Generators have been modelled using the 6th order machines. Each machine is rated 900 MVA set to supply 700 MW (see appendix for machine data). Two machines connected to buses 1 and 2 are in area 1 and the other two machines connected to buses 3 and 4 are in area 2. These two areas are connected through a weak tie-line. For the HVAC transmission line, Machine 3 is set to be the slack bus of this system and all other machines are modelled as PV buses. The machines are rated at 20 kV and transmission lines are rated to 230 kV. There are 2 loads in the system, Load 1 = 976 + j100 MVA in area 1 and Load 2 = 1767 + j100 MVA in area 2. To boost the voltage in the system, capacitor banks, Cap 1 = 300 Mvar and Cap 2 = 450 Mvar are connected to buses 7 and 9 receptively. Area 1 and area 2 are connected by a double set of transmission lines that are 220 km long. The lines are modelled as equivalent circuits.

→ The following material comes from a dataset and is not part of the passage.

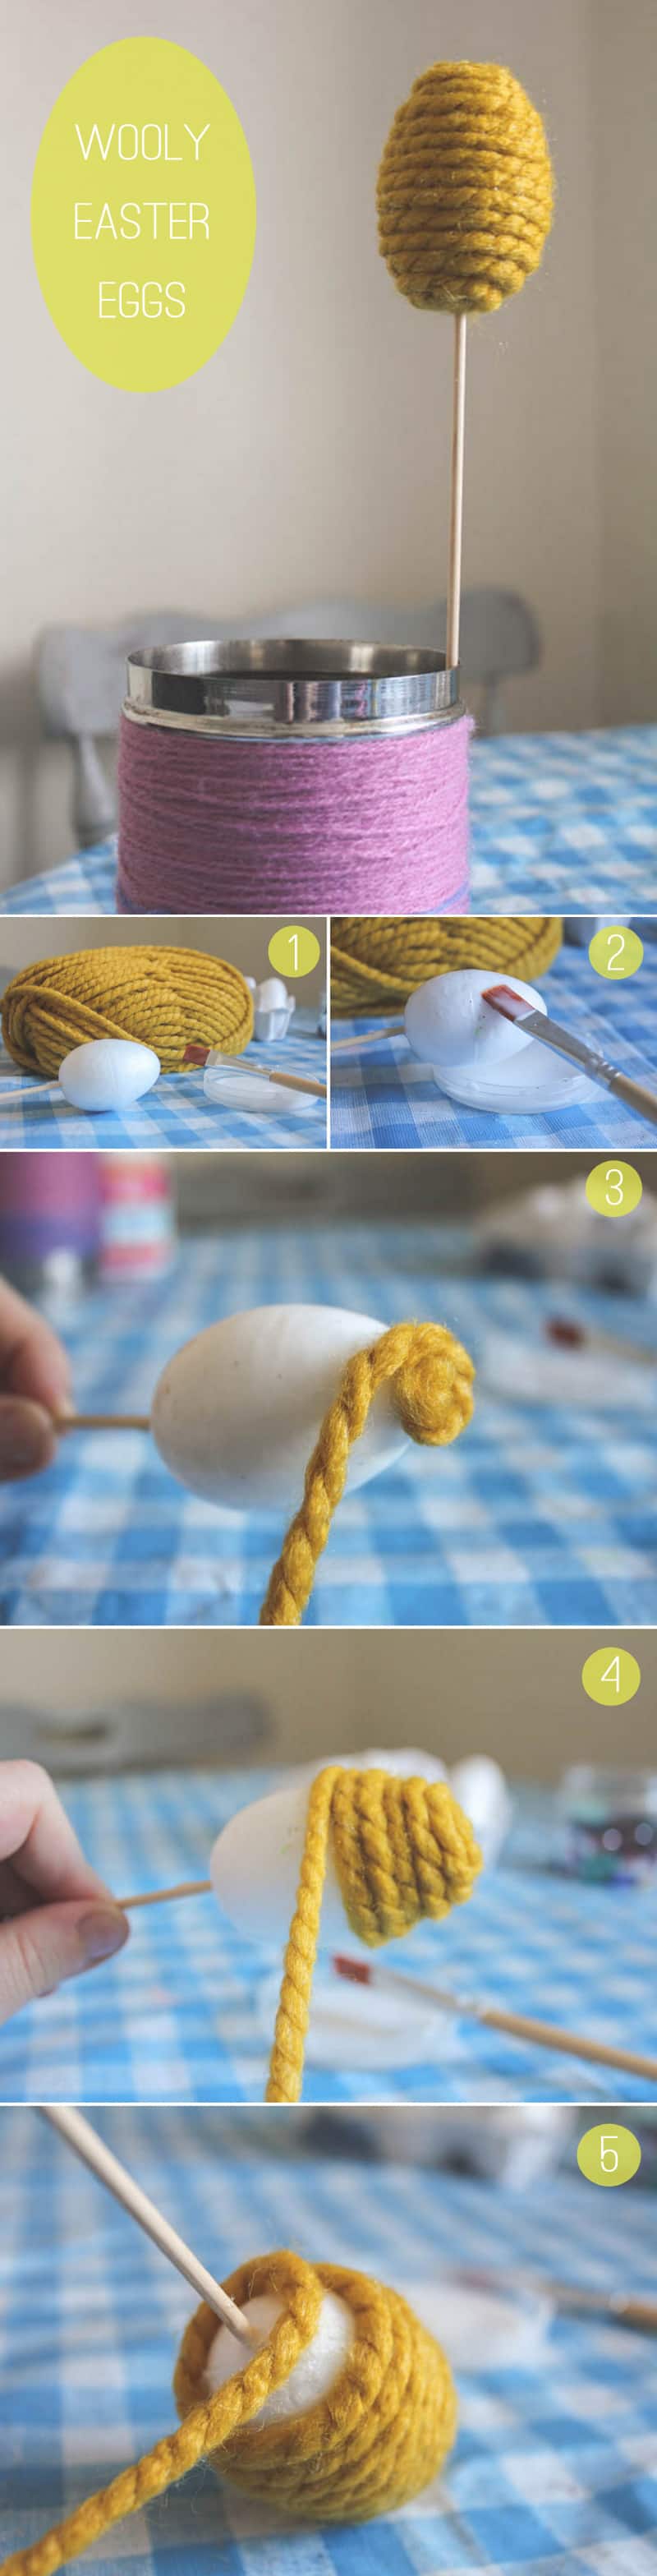 How to Make Wooly Easter Eggs

The exciters for this paper are the IEEE AC4A type exciter (Fig. A1 for model used in DigSILENT and PST (shown in the Appendix) and Fig. A2 for PSAT. PSS STAB1 shown in Fig. A3 was used for DigSILENT and PST and Fig. A4 for PSAT. The input used in all PSS is rotor speed. Fig A2 is simplified by canceling TE, TF and KF, i.e., setting them to zero. The difference between the models shown Fig. A3 and the model shown in Fig. A4 is that K in Fig. A3 is equal to K*T in Fig. A4. TE is Fig 14 is not set by the user and its value is internally calculated from the limits of the output signal PSAT does not allow the user to do so.

Fig. 1: Two area multi machine system with a hybrid HVAC-HVDC transmission system

The parameters of the transmission lines are given in the

Appendix. The HVDC system is a monopolar 500 kV, 230 MVA, 0.46 kA link with 12 pulse converters on both rectifier and inverter sides. This HVDC system is modified from the CIGRE benchmark model [9, 10]. The HVDC line is modeled as a equivalent circuit. Each converter has its own converting transformer. The HVDC transmission line is 220 km long and its parameters are given in the Appendix. To control the power transmitted across the HVDC link the rectifier is modelled using current control. The current control on the rectifier station is set to 0.4kA. The power flow results for this system are presented in tables I, II and III.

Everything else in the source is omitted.